We are closing in on almost 4 months since the benefits of the Stimulus Package for home buyers was announced.  Unfortunately, the incentives have not yet spurned an appreciable amount of buying activity, though some markets have reported some modest upswings in the past 3 months.

So, why haven't the results been more dramatic.  To begin with, the stimulus package didn't reach deep enough into the population to benefit all buyers at all levels of the economic scale.  Anyone that is not a classified "first time buyer" does not get the $8,000. Federal tax credit that is promised the first time buyer.  They are also the ones who can afford in many cases to wait and try to time the market, hoping for a better deal.  They are not likely to be that smart, and will not benefit by waiting near as much as they would by buying now, and do their share to restimulate the economy.

The first time buyer, on the other hand, is the one most likely to be timid about making their investment in a new home during a period of uncertainty, and when jobs are being lost everyday.  They are influenced by watching their family members and neighbors come home with their pink slips, and scared they may be next.  Understandable, and totally a part of our human nature.

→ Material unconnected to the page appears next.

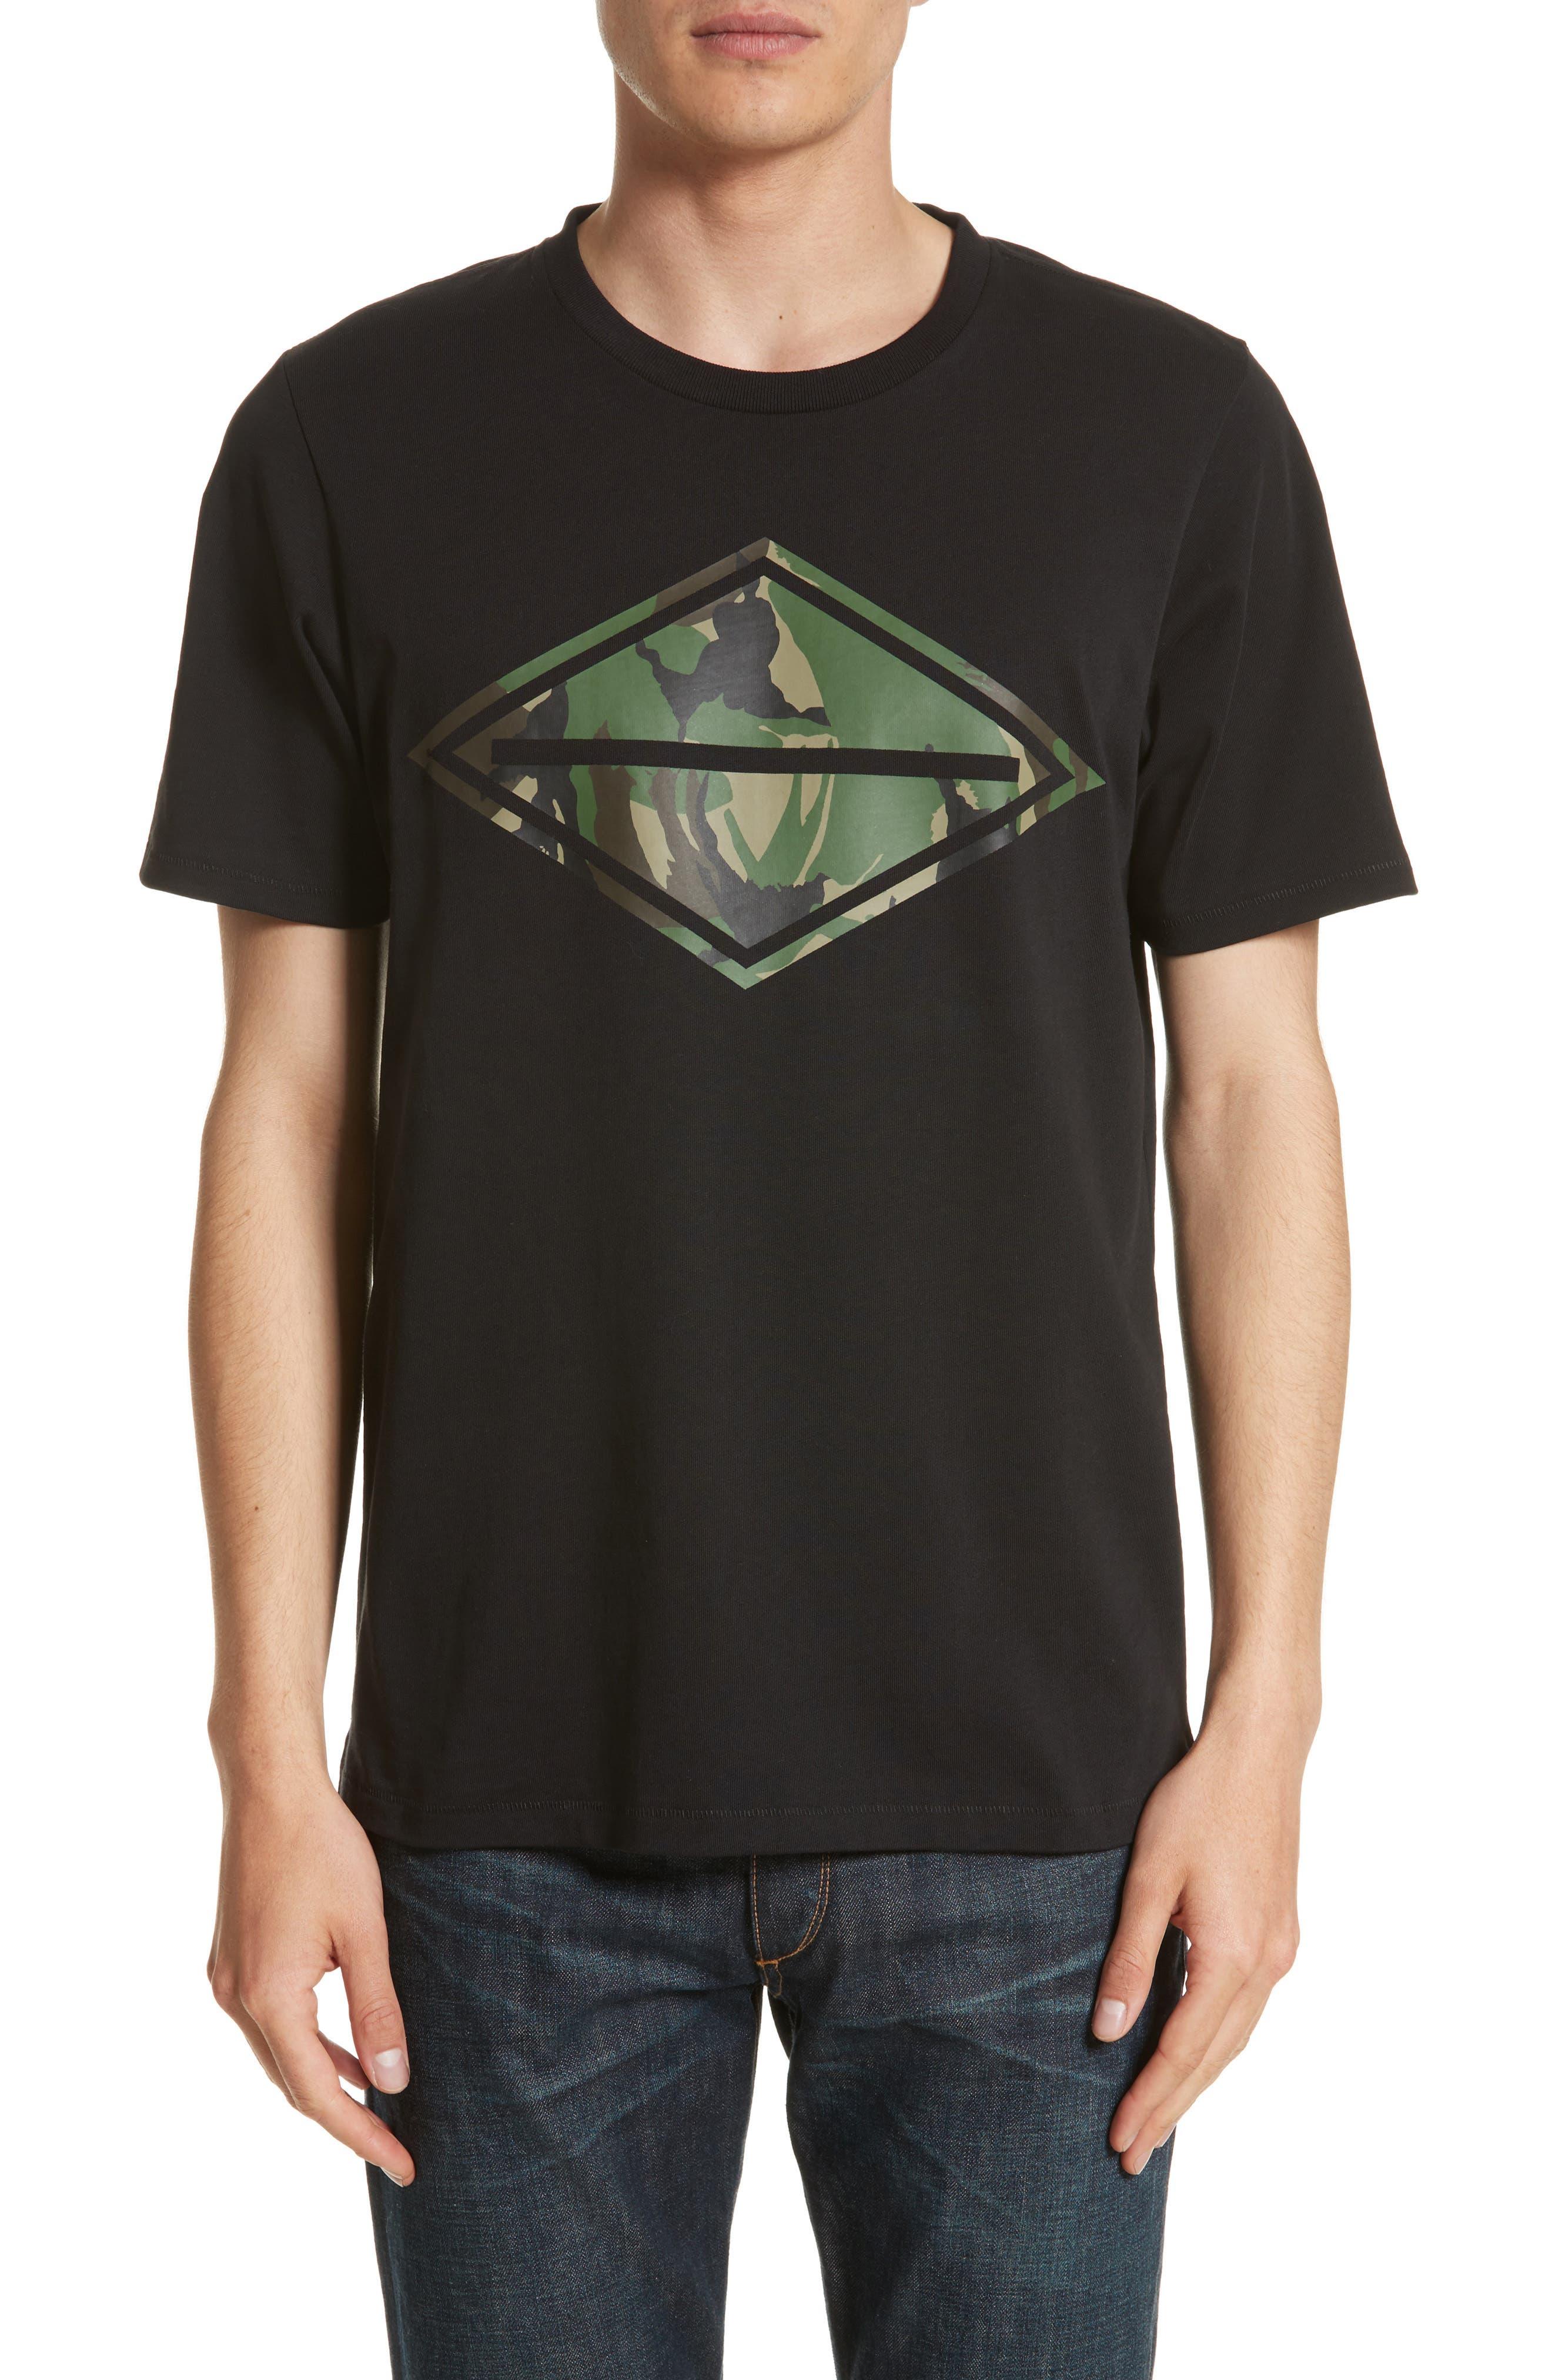 Main Image - rag & bone Camo Diamond Graphic T-Shirt

Both of these groups of potential home buyers could do a lot very quickly to jump start the economy, the stock market, and the general feeling of well-being across the land by doing what they already want to do.  They could stop the bleeding in the employment numbers, reducing the risk of losing their own jobs,  open the home building businesses, and all those that support it with the products they sell, and send a clear and message to the world that it is the consumer that leads out of recessions, not governments.

The only thing that the government can do, is provide the atmosphere for that buying activity, and it has fallen sadly short of creating that incentive.  Spending on it's favorite programs is not the answer, and I believe the economic indicators, after 4-5 months now, has told us just that.  The question still remains, will the public take the bull by the horns, or wait for mother Govco to solve it's problem?